Saag paneer, to me, is to an Indian restaurant what a burger is to an American restaurant. That is, the whole menu lives and dies by the saag paneer. In this case, the saag paneer didn't kill the meal, but it certainly left a bad taste in my butt.

As an Indian myself, I have the luxury of having homemade Indian food any time I make it home. So the fun of going to an Indian restaurant is to treat yo'self to "restaurant style" Indian food. That is, greasy oily fatty (delicious) Indian food. Elephant Walk walks more along the line of homemade Indian food - so for those who don't have the luxury of getting homemade Indian food at home, this is a good option. 
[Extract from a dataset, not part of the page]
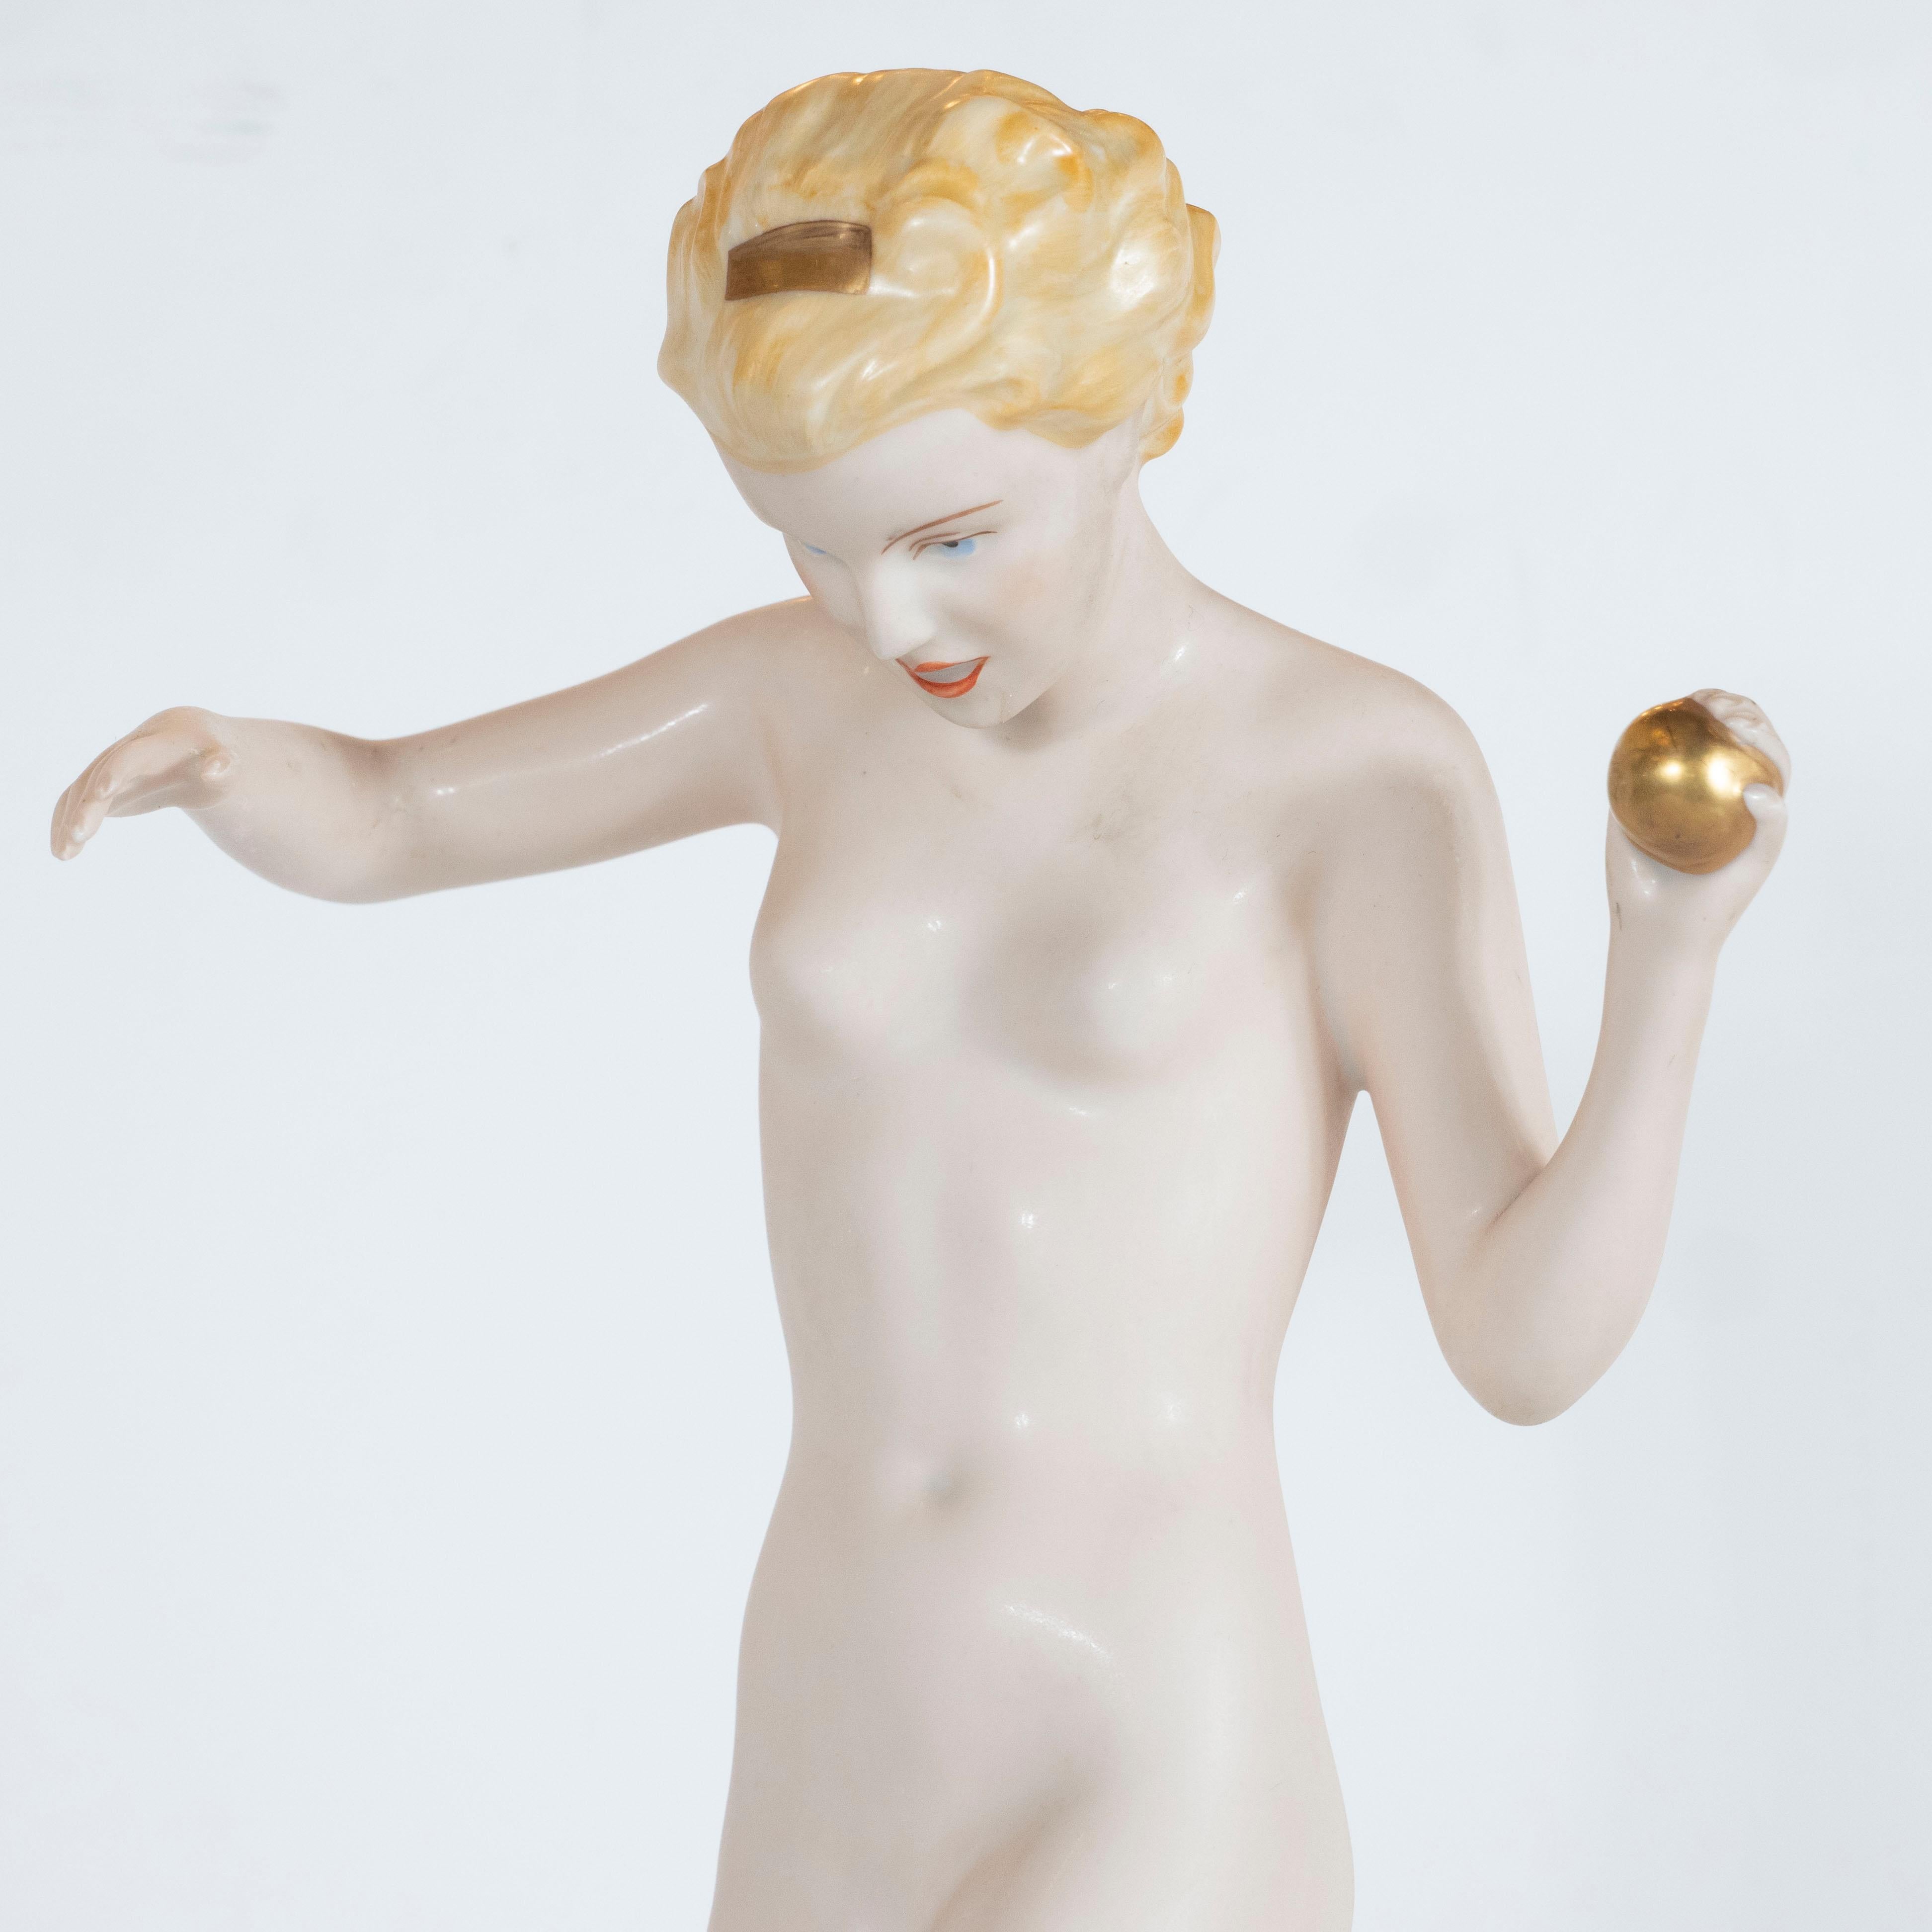 Cette élégante sculpture Art déco a été réalisée en République tchèque - réputée pour produire certains des meilleurs produits en porcelaine, en argent et en verre du monde à cette époque - vers 1930. Il représente une femme nue aux cheveux blonds,

Also, this place does have the nicest interior of any Indian restaurant in Cincinnati. In fact, I just assumed that this was the owner's SECOND restaurant, because typically the first effort has a sloppier (read: budget) interior. But they balled out the first time around, so holler@yourinterior.com

OTHER SMALL TIDBITTIES
1) All night long, they played great bollywood songs, which made me want to shake my bollywood bum. In my bollywood booth. With a bollywood broad.
2) That Bhaingan Bhuna is the most bangin dish on the menu, girl hit that
3) Description of dishes would be helpful, so someone doesn't ask for a Rogan Josh only to get a plateful of Josh Groban.